With carefully following along the super lovely Responding to your voice tutorial, I’ve managed to build my own hotword detection classifier. Yay! ! I’ve also managed to run it on the Arduino Nano 33 BLE Sense and via WebAssembly in the Browser and Node.js. Yay II!
But now I am wondering what would be the most correct way for the moving average?
The tutorial seems to have a hint on the moving average topic (see “Poor performance due to unbalanced dataset?”) but at least for me is stays a bit vague. My dataset is balanced with roughly 1500 wav files of 1sec durations for every class (noise, unknown and my-hotword).
Hence could someone please elaborate what would be the best moving average approach and why for the “Hello World” example?
Also a dedicated moving average code example would be terrific, so that one can study and understand it in detail while tweaking paprameters. Maybe extending the one of Classification of existing audio files on desktop with an moving average to detect “Hello World” in wav files of arbitrary durations?
Many thanks!
PS. Also many thanks for the super nice Edge Impulse product! Now finally I can design and create in an easy my own simple classifiers! This is exactly what I have been looking for for ages! Please keep up the good work!
Last related question:
I have a window of 1000ms and currently “centered” all the samples of my hotword inside the 1000ms. The durations of the hotword-sound is divers (see plot below, removed everything under 300 ms in the training data) …
Now I’m wondering why you are exactly slicing into 4 chunks of 250ms. Is this simply due to a compromise of performance on hardware or is there a theoretical reason I don’t get. Would it not be better to classify more often to further increase accuracy?

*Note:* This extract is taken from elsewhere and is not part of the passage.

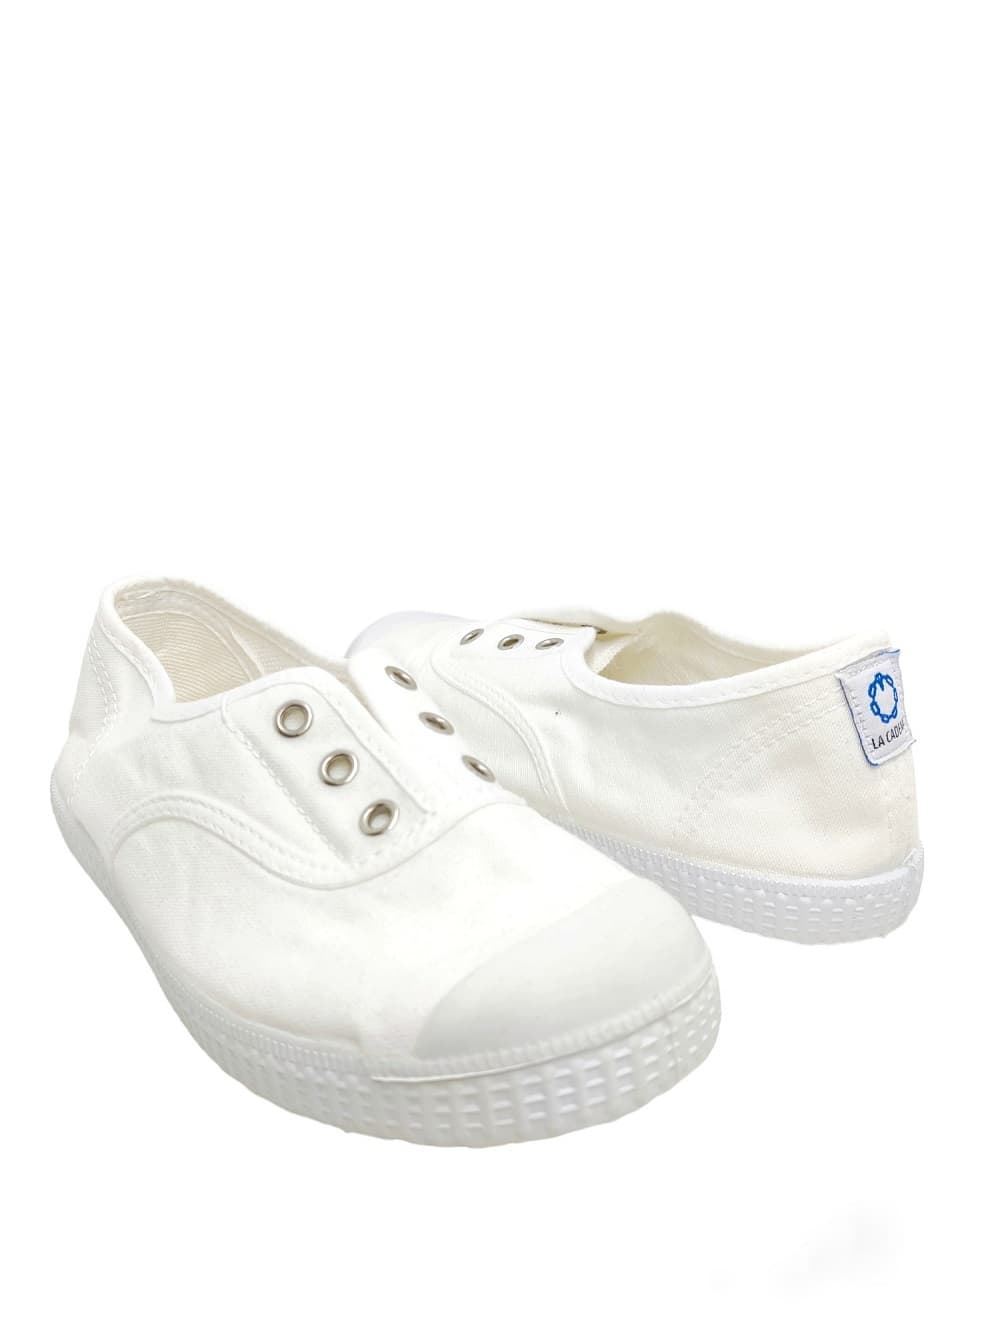 La Cadena Children's Sneakers White Canvas with Toe - Image 1

For others who come across the moving average question, you can see nicely the moving average in action in the “Arduino library” export and the example “nano_ble33_sense_microphone_continuous”:
void loop()
{
bool m = microphone_inference_record();
if (!m) {
ei_printf("ERR: Failed to record audio...\n");
return;
}
signal_t signal;
signal.total_length = EI_CLASSIFIER_SLICE_SIZE;
signal.get_data = µphone_audio_signal_get_data;
ei_impulse_result_t result = {0};
EI_IMPULSE_ERROR r = run_classifier_continuous(&signal, &result, debug_nn);
if (r != EI_IMPULSE_OK) {
ei_printf("ERR: Failed to run classifier (%d)\n", r);
return;
}
if (++print_results >= (EI_CLASSIFIER_SLICES_PER_MODEL_WINDOW)) {
// print the predictions
ei_printf("Predictions ");
ei_printf("(DSP: %d ms., Classification: %d ms., Anomaly: %d ms.)",
result.timing.dsp, result.timing.classification, result.timing.anomaly);
ei_printf(": \n");
for (size_t ix = 0; ix < EI_CLASSIFIER_LABEL_COUNT; ix++) {
ei_printf(" %s: %.5f\n", result.classification[ix].label,
result.classification[ix].value);
}
#if EI_CLASSIFIER_HAS_ANOMALY == 1
ei_printf(" anomaly score: %.3f\n", result.anomaly);
#endif
print_results = 0;
}
}
Hi @b_g it’s a tradeoff about inferences per second and performance. A classification step consists of:
Building a spectrogram of some sorts (MFCC, MFE or normal spectrogram)
Normalizing the data
Running classifier
When we do continuous audio classification we can shorten step 1 significantly (because we only make part of the spectrogram) but 2 & 3 need to run every time we process a slice (on the full spectrogram), so the 4 slices is the balance where we have enough time to do all this on most development boards. If you have a dev board that is faster you can up this freely (see model_metadata.h for the macro). Just look at the DSP+NN timings after each inference, if it’s way less than 250ms. you can safely up this.